_REQUIRED ACTION_: Of all the lines below, return only those starting with the line holding "broken screen wallpapers" and going on through the line holding "diy fairy dust charm necklace #shop", exactly as written.

_THE DATA_:
--------------------------------

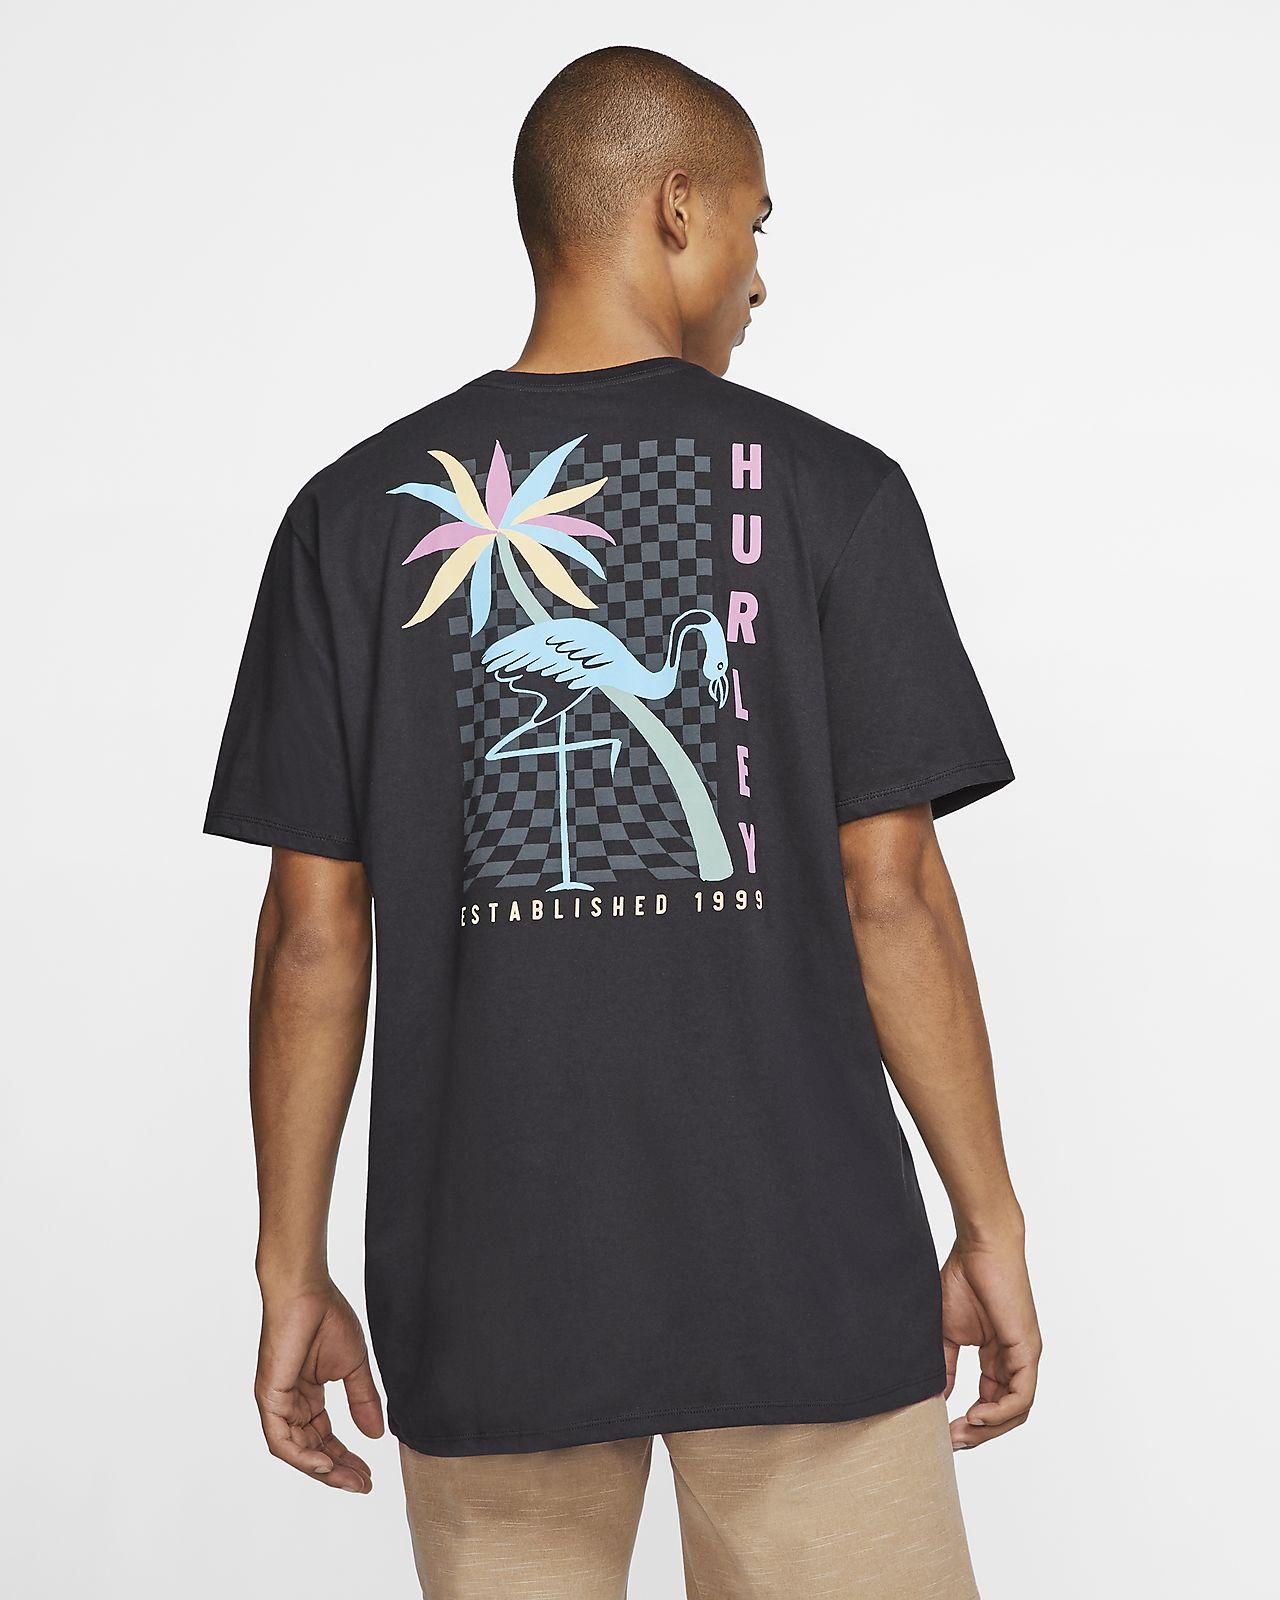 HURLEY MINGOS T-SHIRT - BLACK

--------------------------------

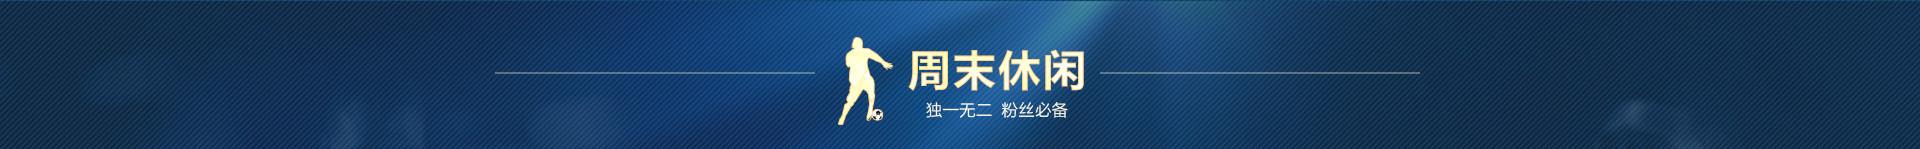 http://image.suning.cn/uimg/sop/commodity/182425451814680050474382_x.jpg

--------------------------------

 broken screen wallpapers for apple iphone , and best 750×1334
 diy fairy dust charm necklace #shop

--------------------------------

_OUTPUT_:
 broken screen wallpapers for apple iphone , and best 750×1334
 diy fairy dust charm necklace #shop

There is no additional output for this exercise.